**Problem**
Find the line with "7: THEREDA: Versionsänderungen." in the data below. Repeat it and every line after it up to the end, exactly, but drop the pictures.

**Information provided**

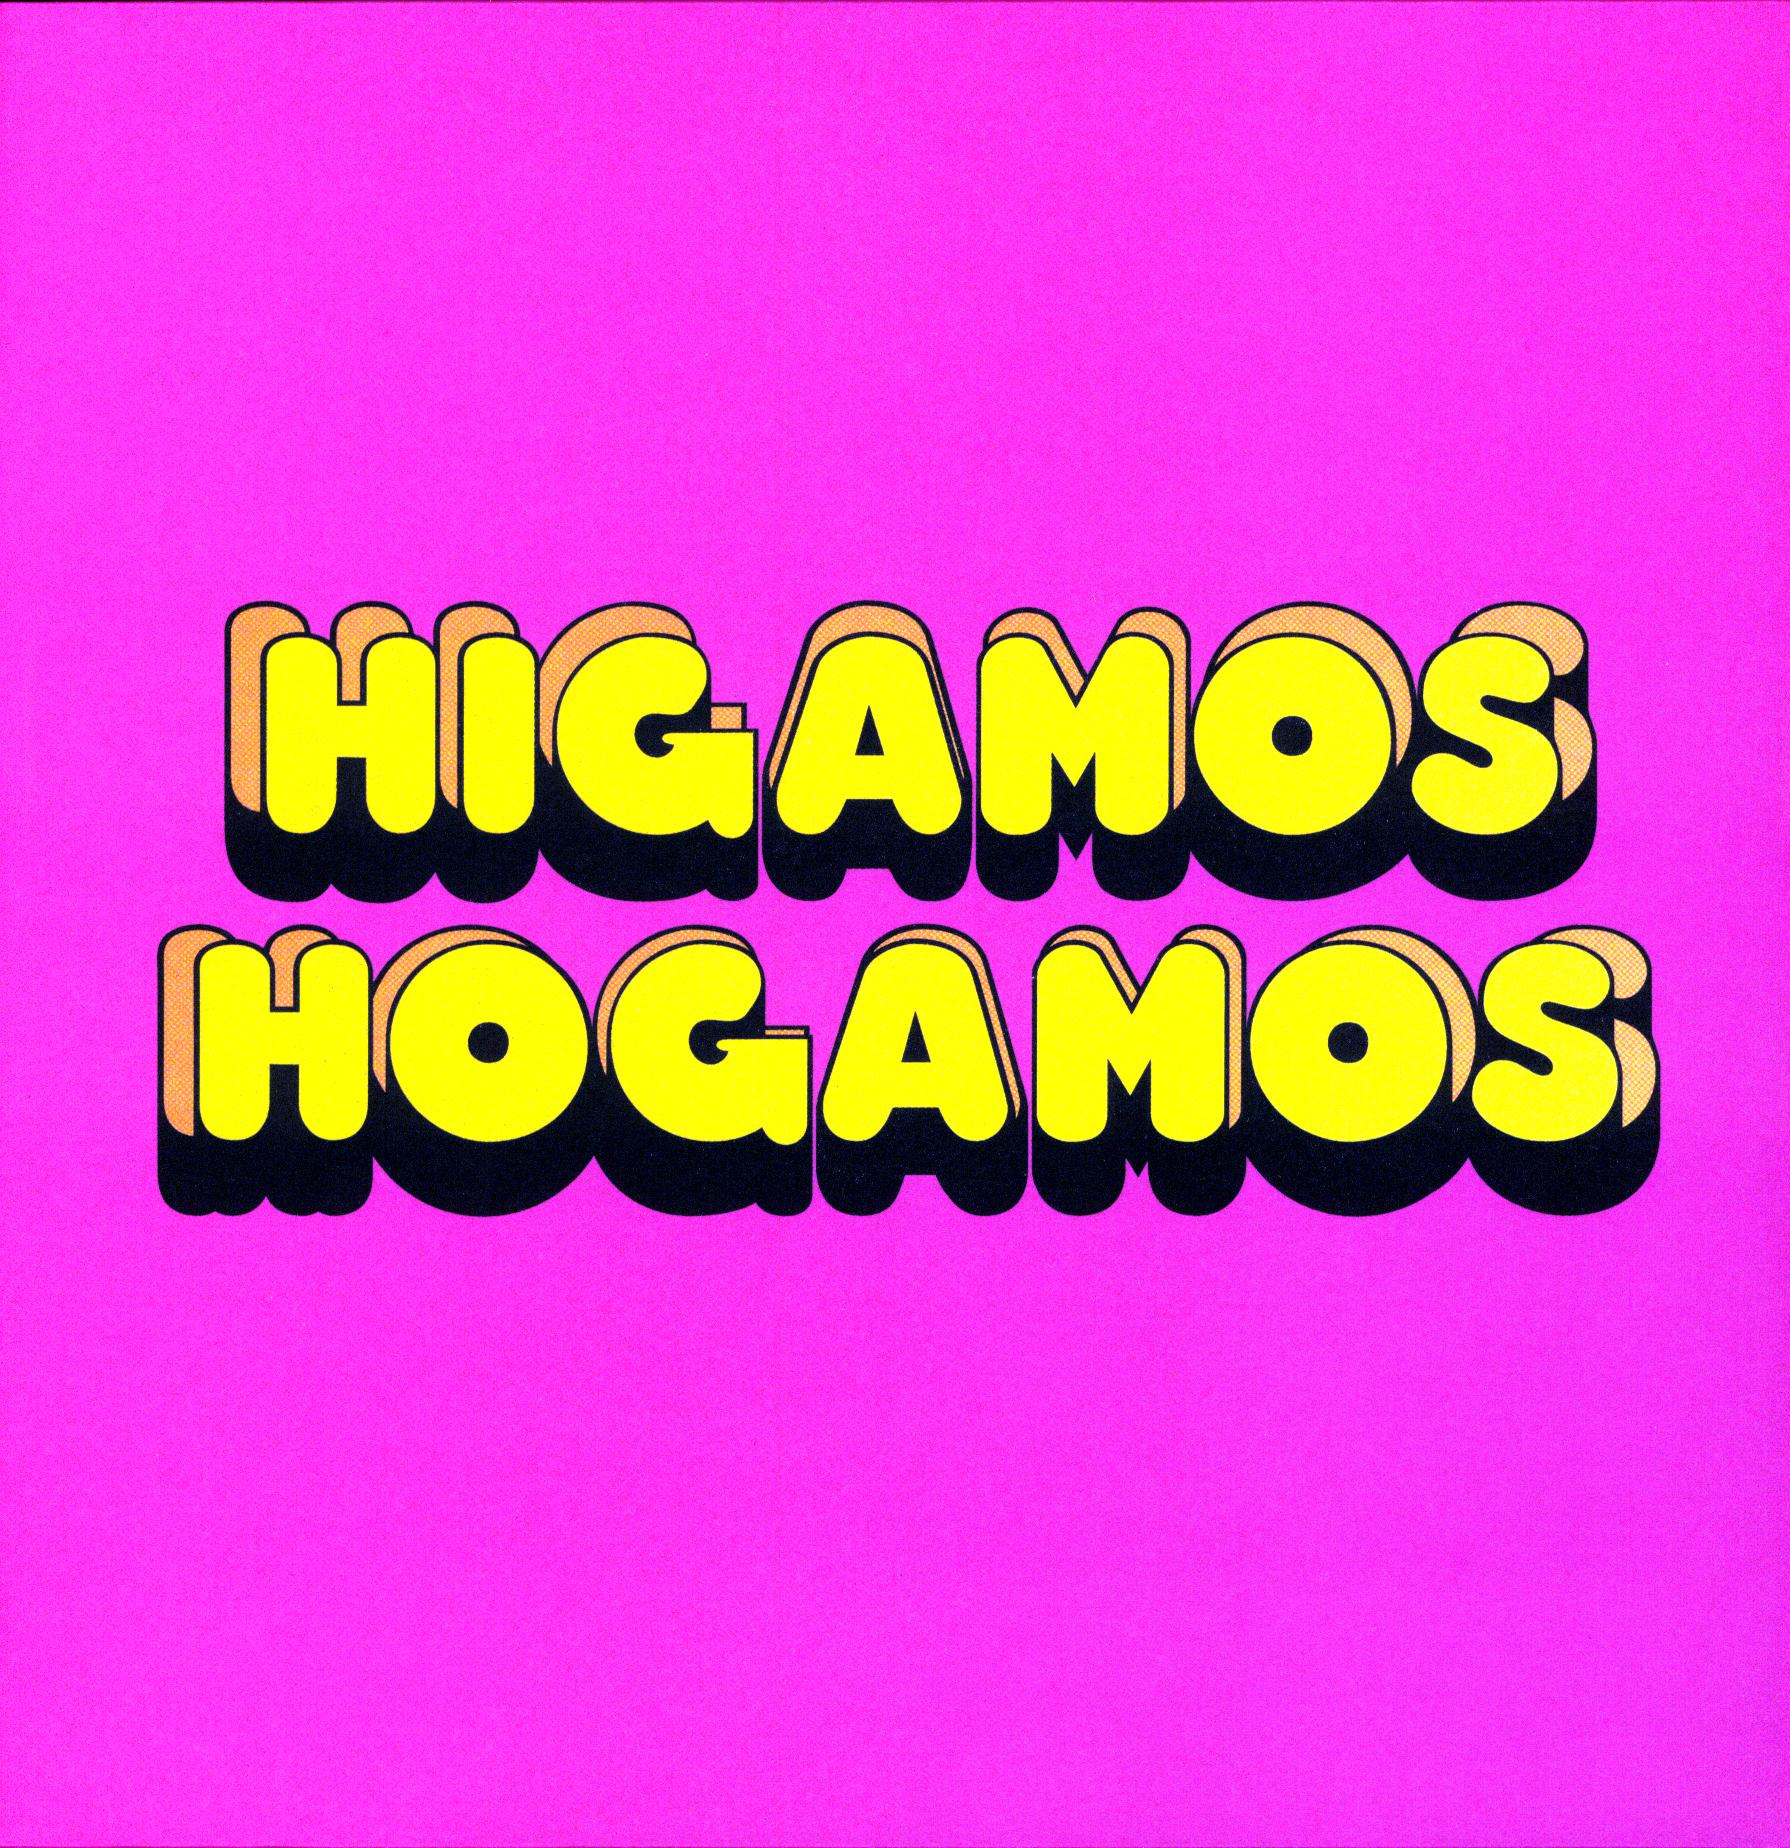 HIGAMOS HOGAMOS
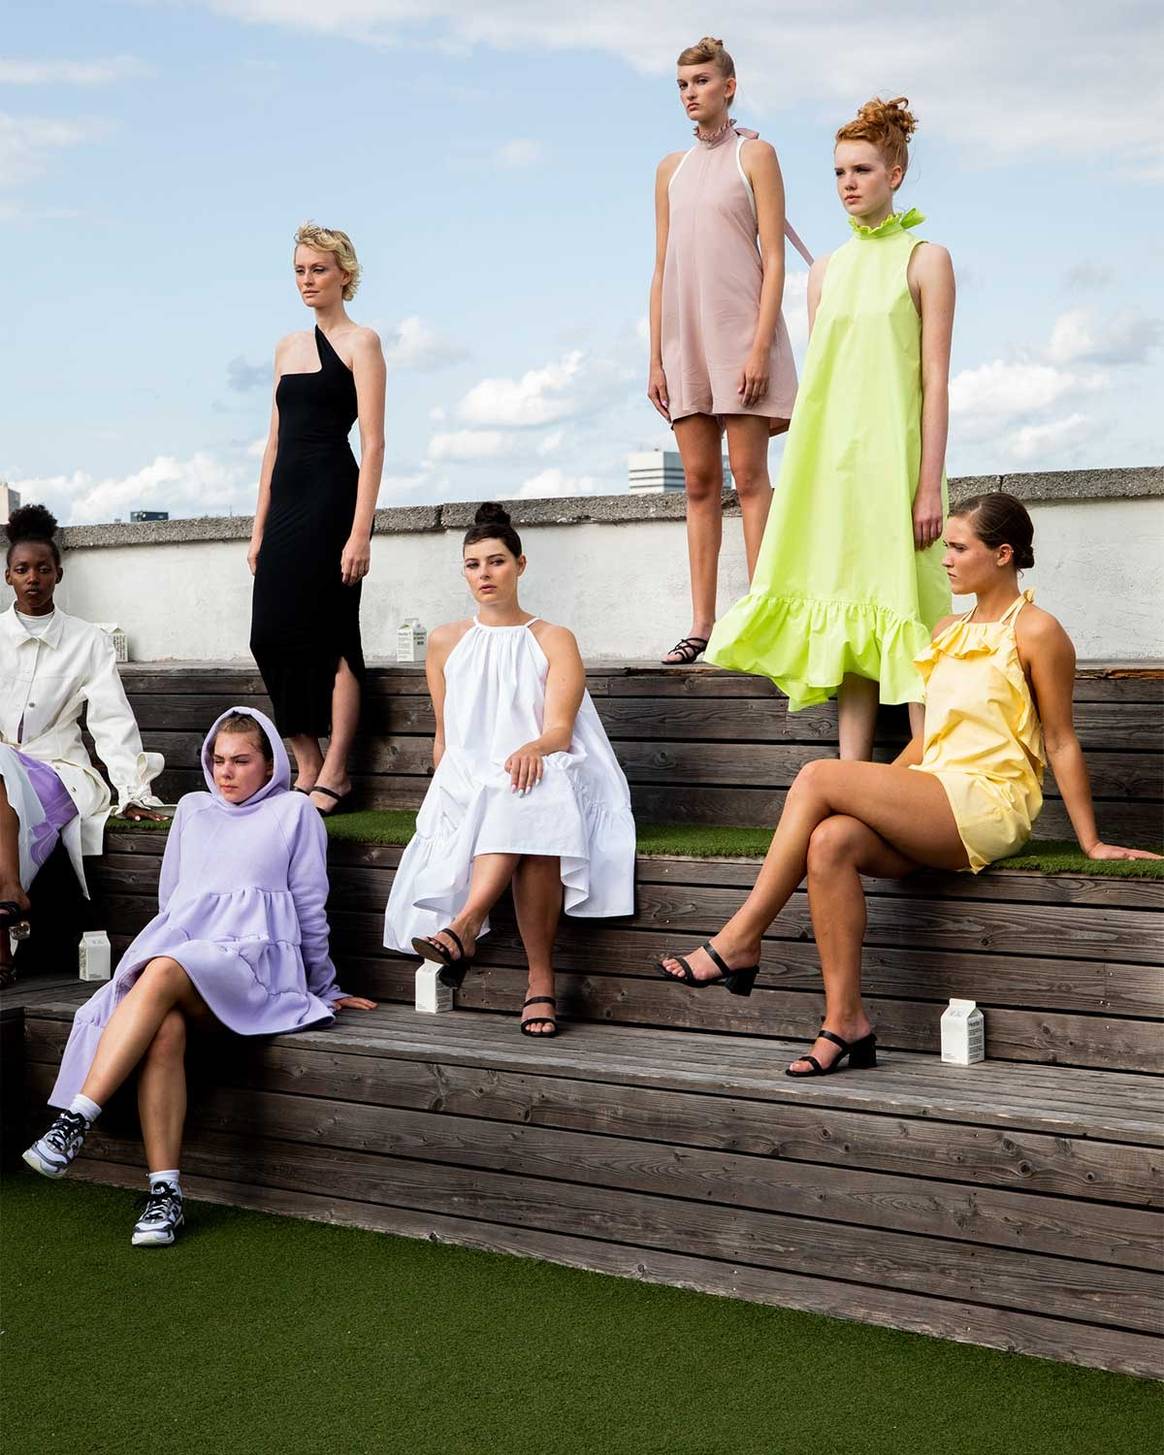 Copenhague Fashion Week: La moda escandinava que viene
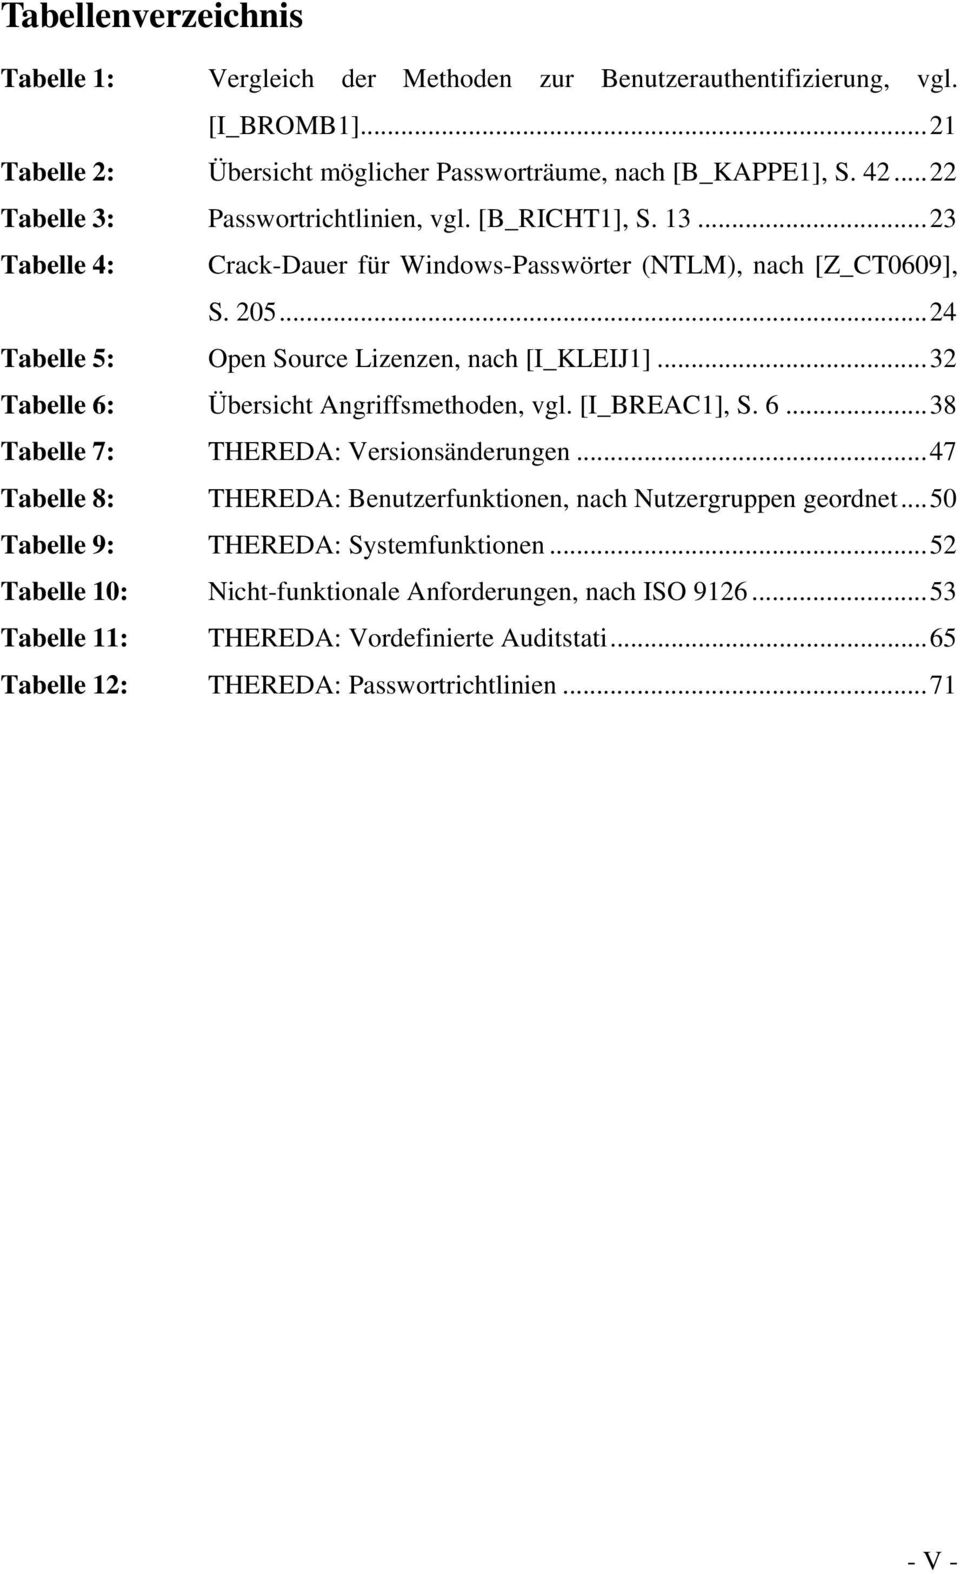 .. 24 Tabelle 5: Open Source Lizenzen, nach [I_KLEIJ1]... 32 Tabelle 6: Übersicht Angriffsmethoden, vgl. [I_BREAC1], S. 6... 38 Tabelle 7: THEREDA: Versionsänderungen.
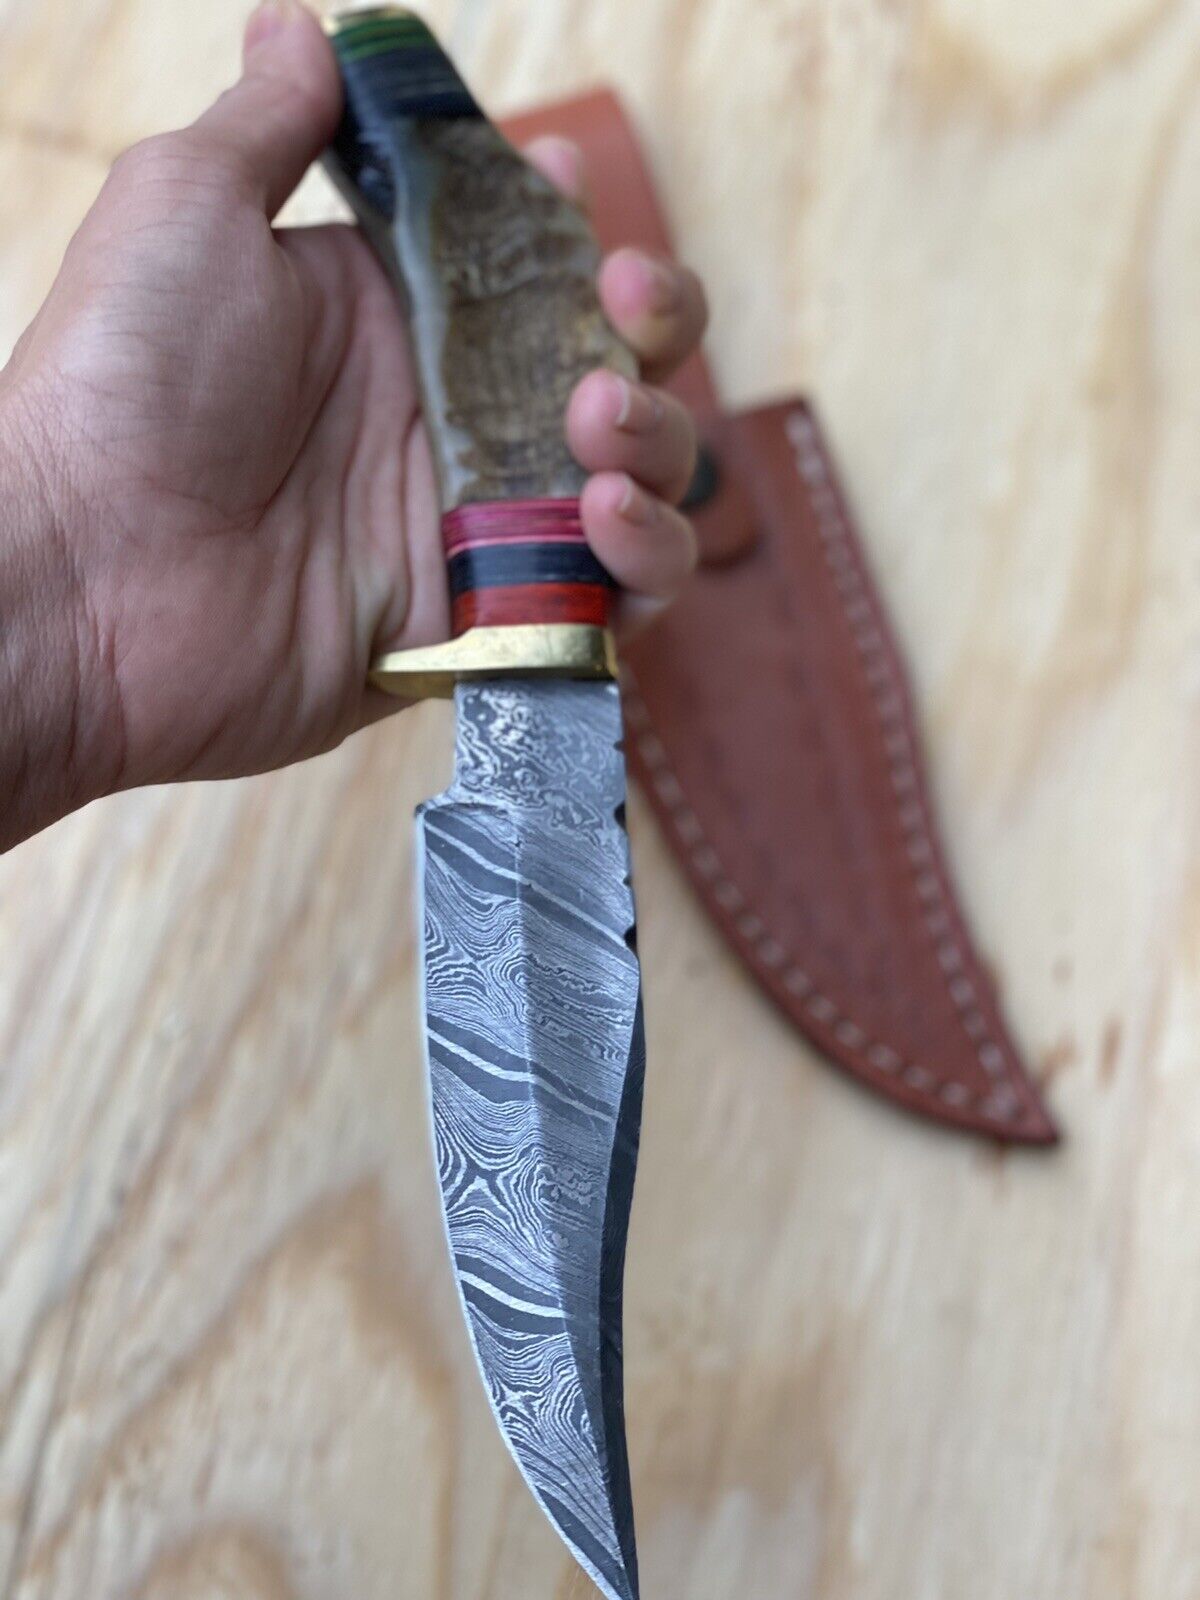 10”Custom Made Damascus Steel Blade w/Ram horn handle/Skinner/hunting Knife ZH07

**Worked solution**
 .. 24 Tabelle 5: Open Source Lizenzen, nach [I_KLEIJ1]... 32 Tabelle 6: Übersicht Angriffsmethoden, vgl. [I_BREAC1], S. 6... 38 Tabelle 7: THEREDA: Versionsänderungen.
 10”Custom Made Damascus Steel Blade w/Ram horn handle/Skinner/hunting Knife ZH07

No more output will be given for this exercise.